Task requirements = Output every line below as it stands, dropping only the images.

Dataset excerpt =
====================
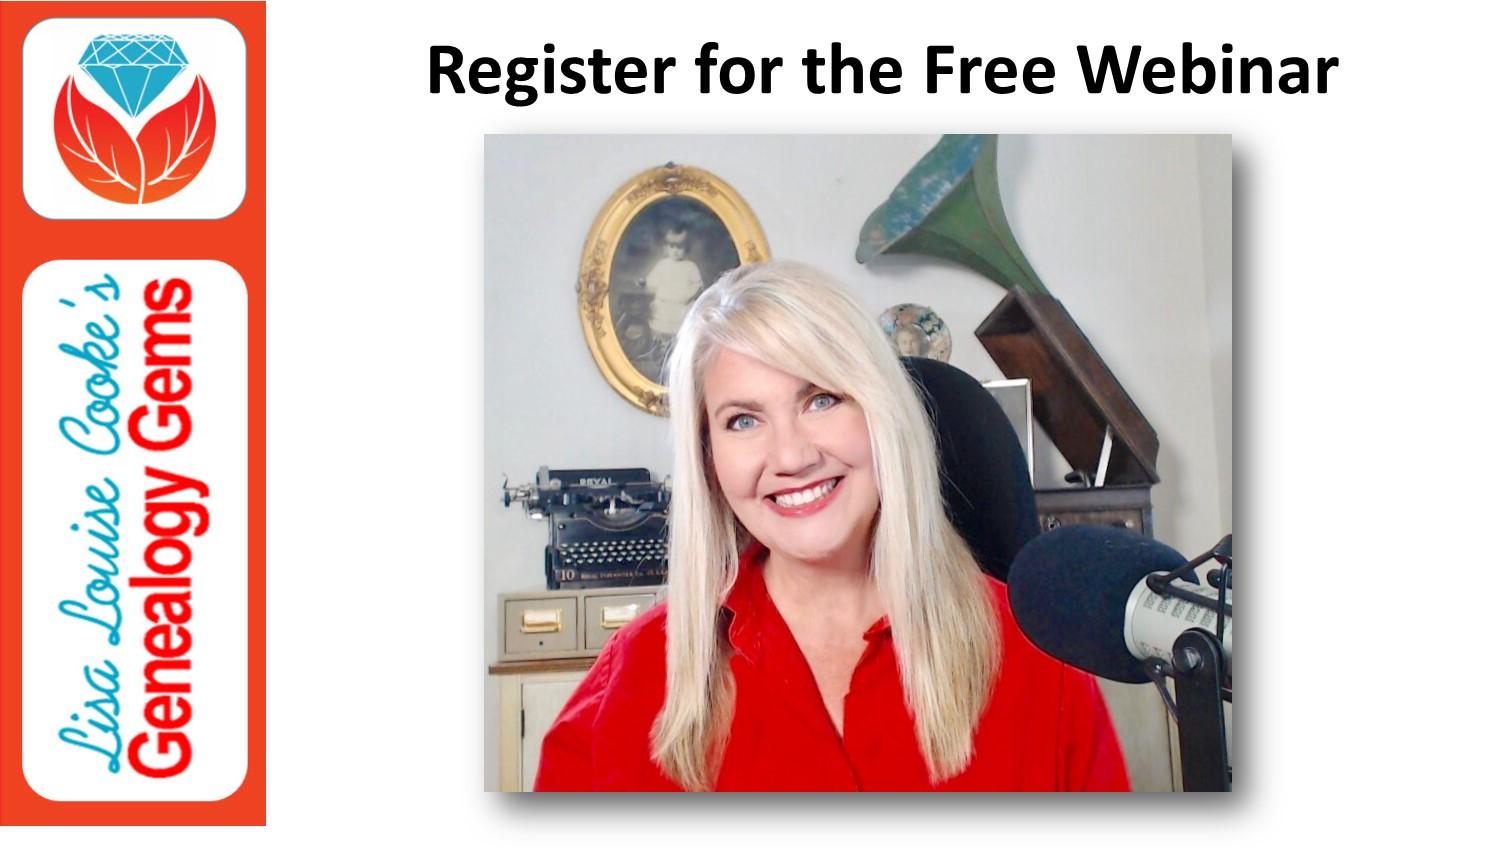 register for the free webinar
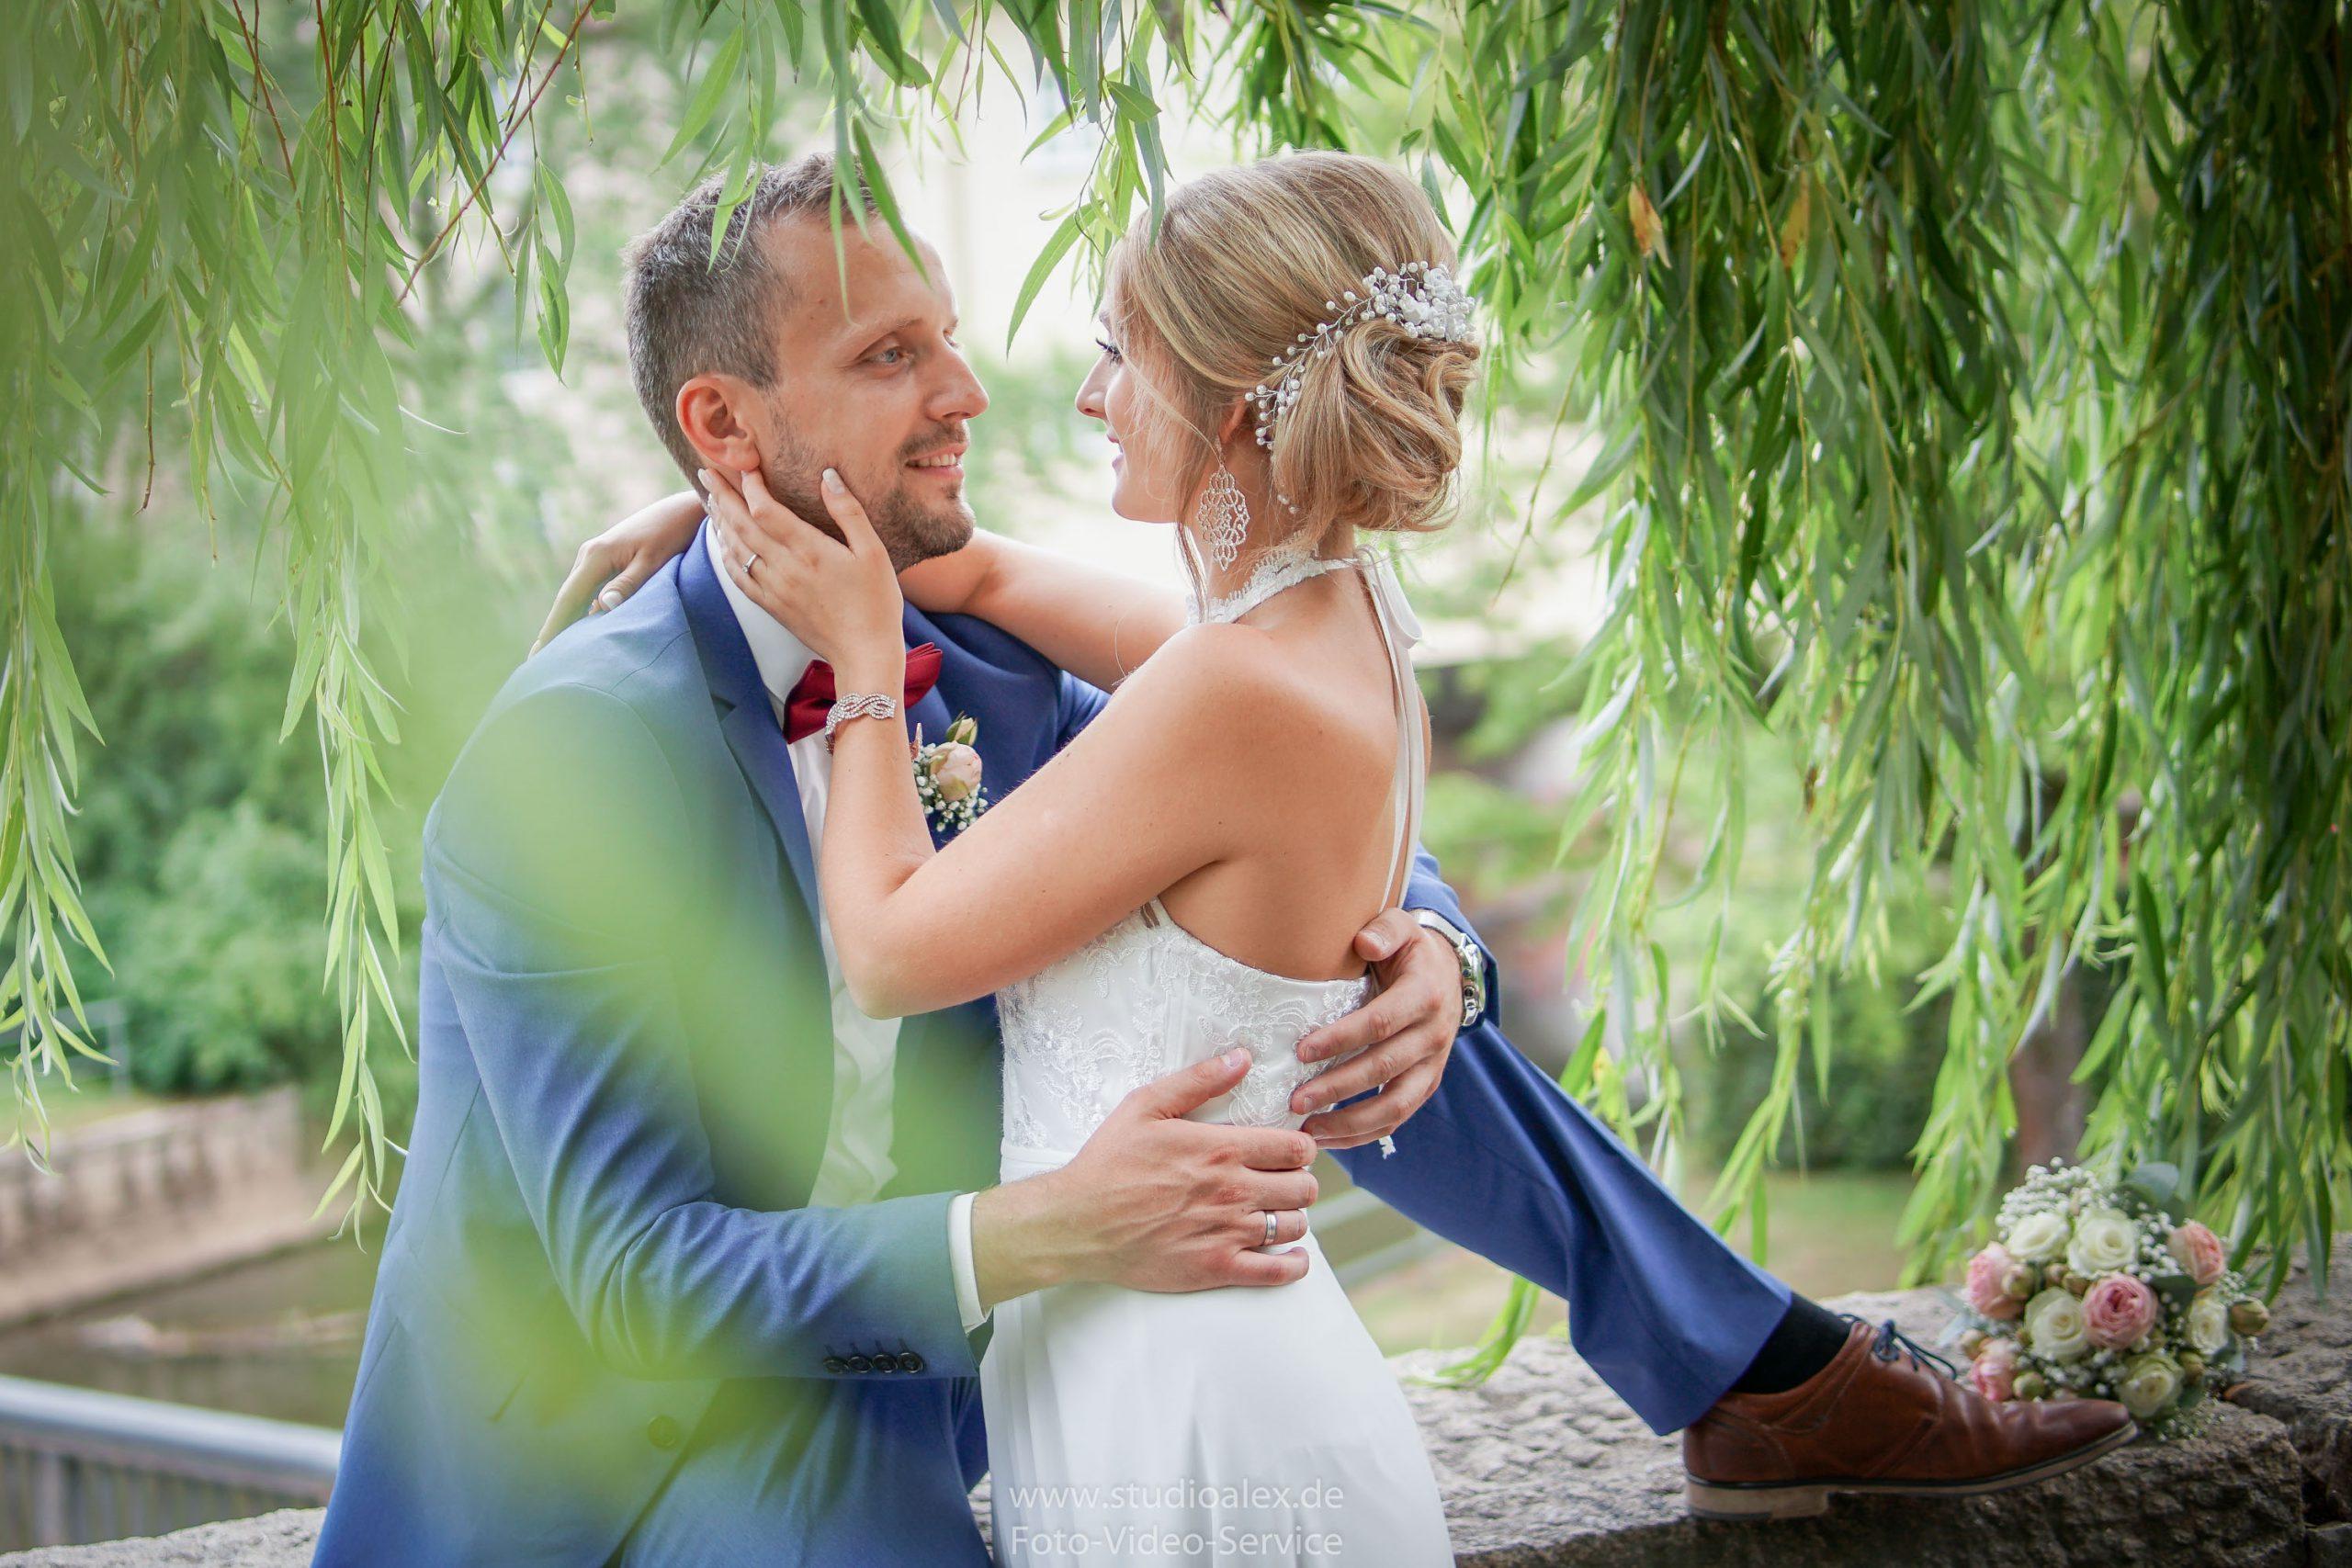 Hochzeitsfotograf-Amberg-Fotograf-für-standesamtliche-Trauung-im-Kümmersbruck.-Hochzeitsfotos-Bayern-07460-scaled.jpg
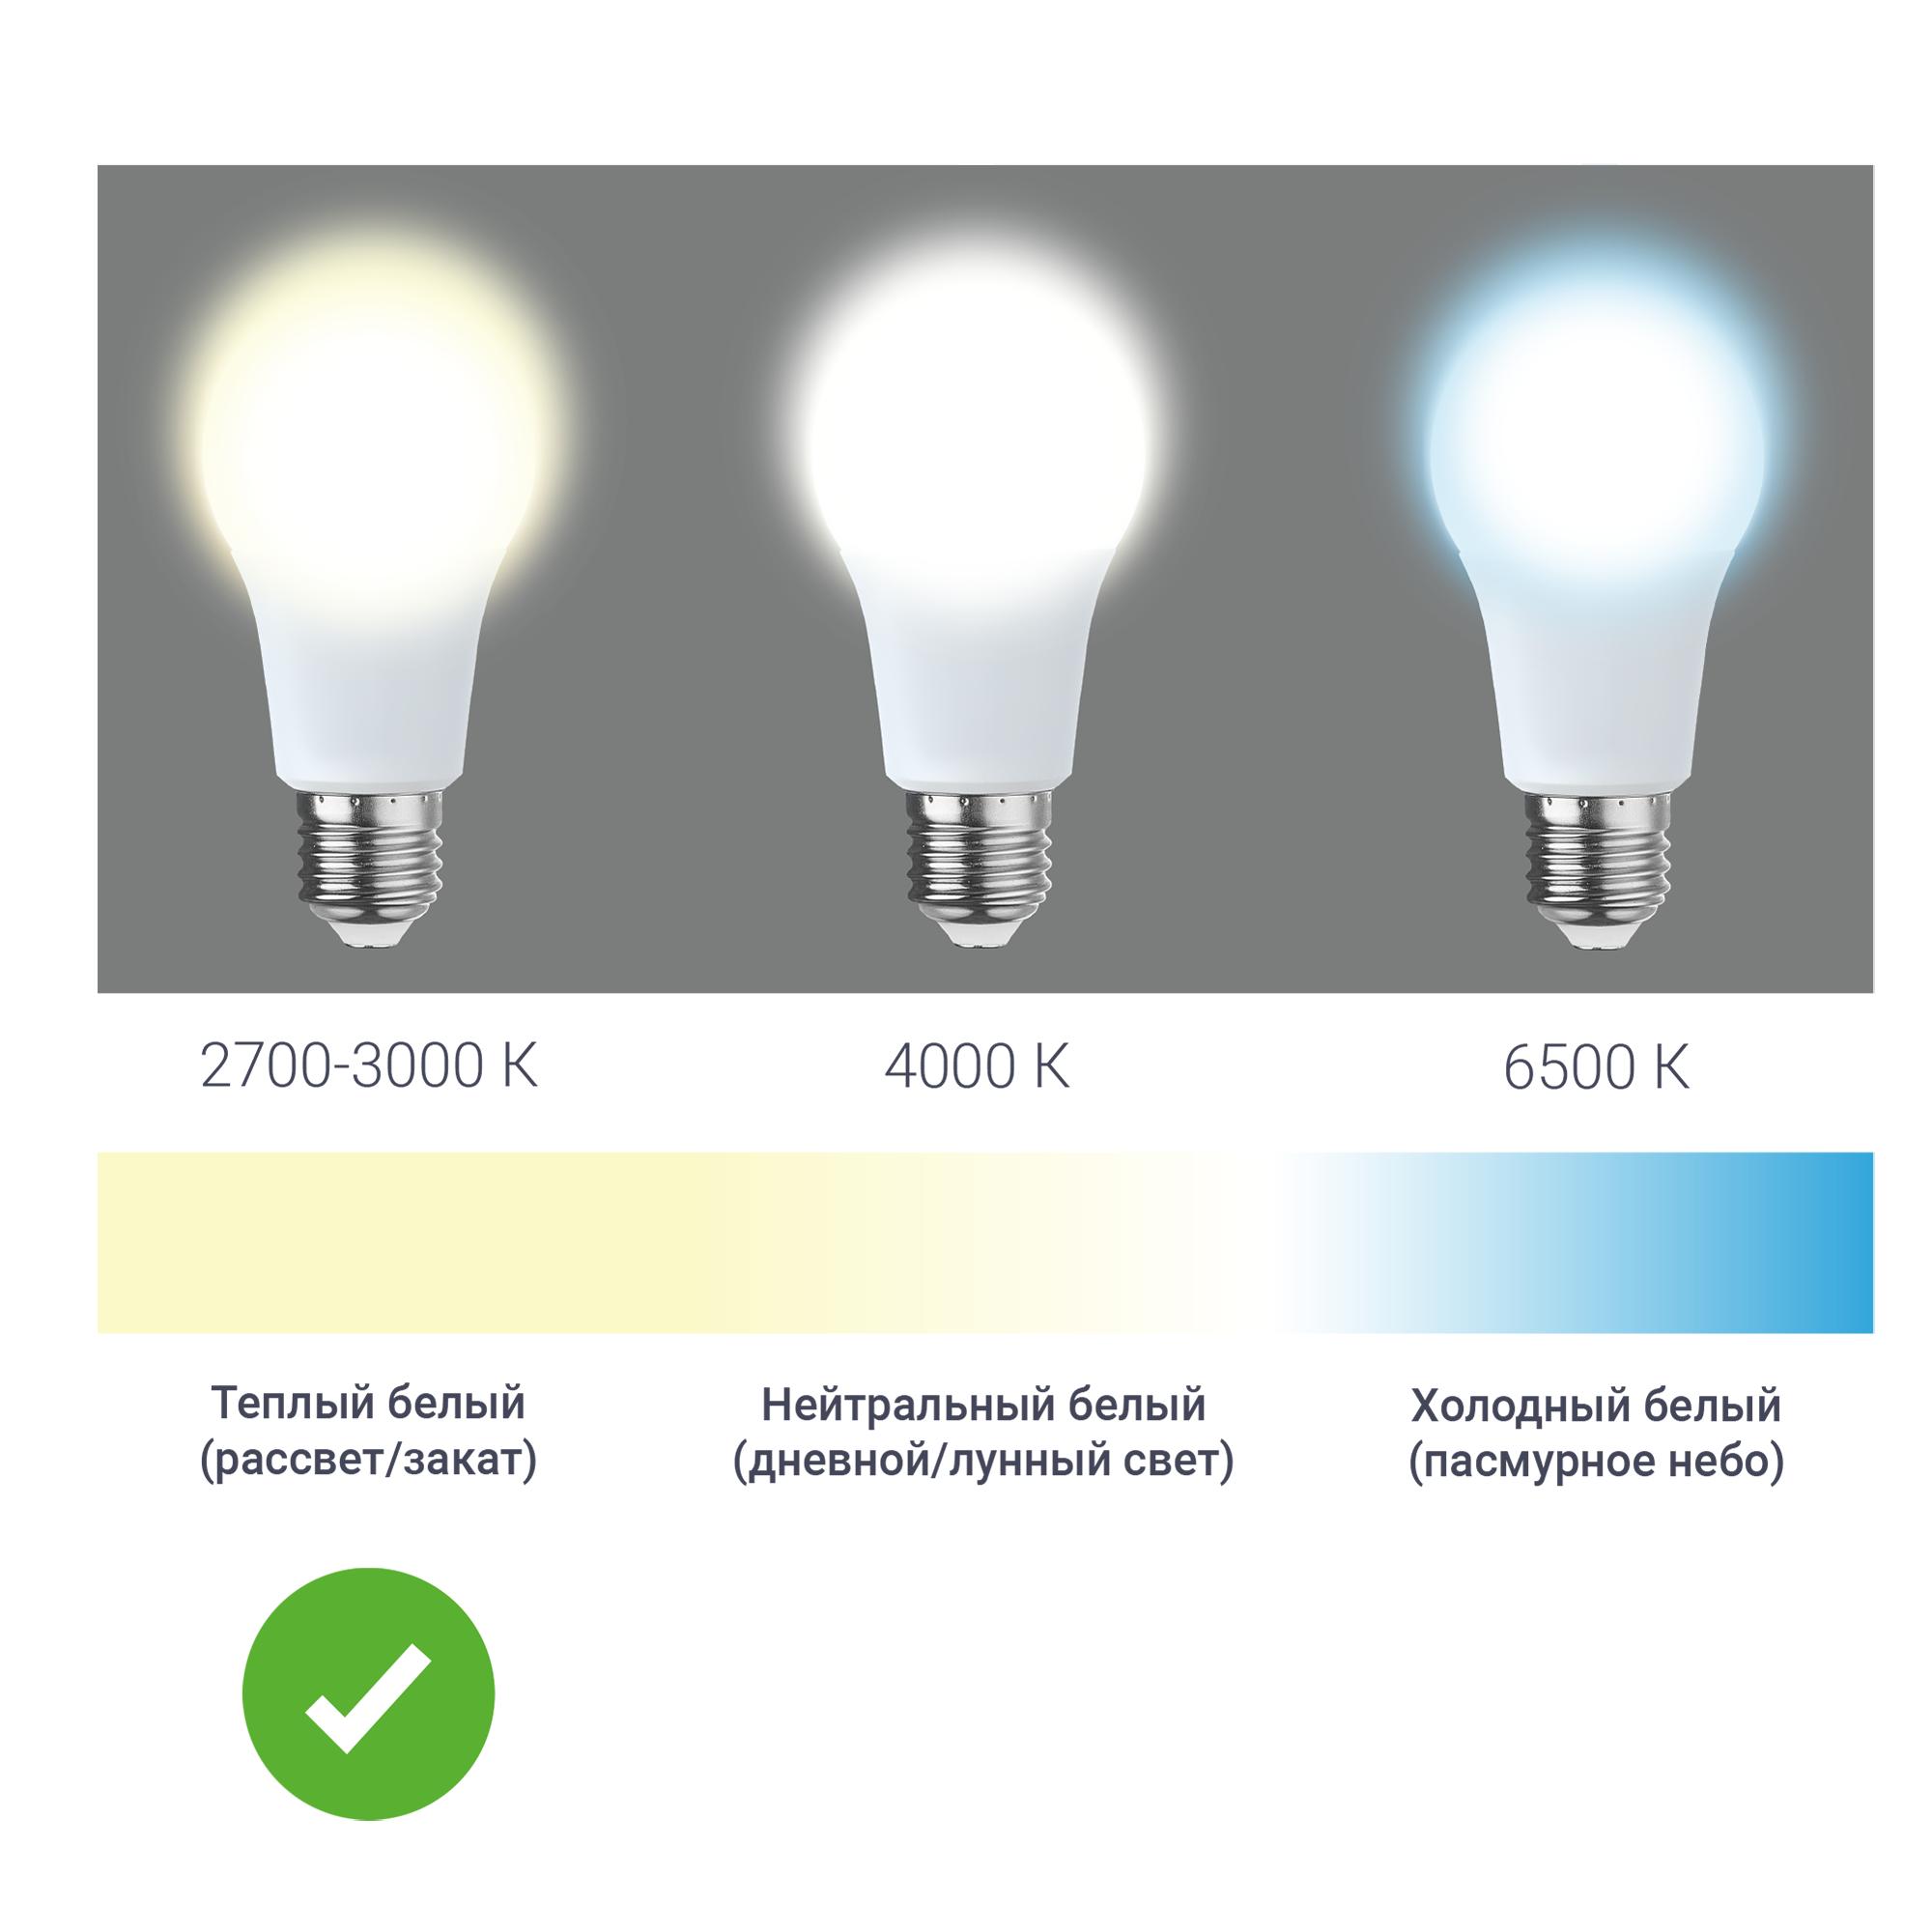 Лампа светодиодная Osram GU5.3 220-240 В 5 Вт спот прозрачная 400 лм тёплый белый свет
====================
Task output =
 register for the free webinar
 Hochzeitsfotograf-Amberg-Fotograf-für-standesamtliche-Trauung-im-Kümmersbruck.-Hochzeitsfotos-Bayern-07460-scaled.jpg
 Лампа светодиодная Osram GU5.3 220-240 В 5 Вт спот прозрачная 400 лм тёплый белый свет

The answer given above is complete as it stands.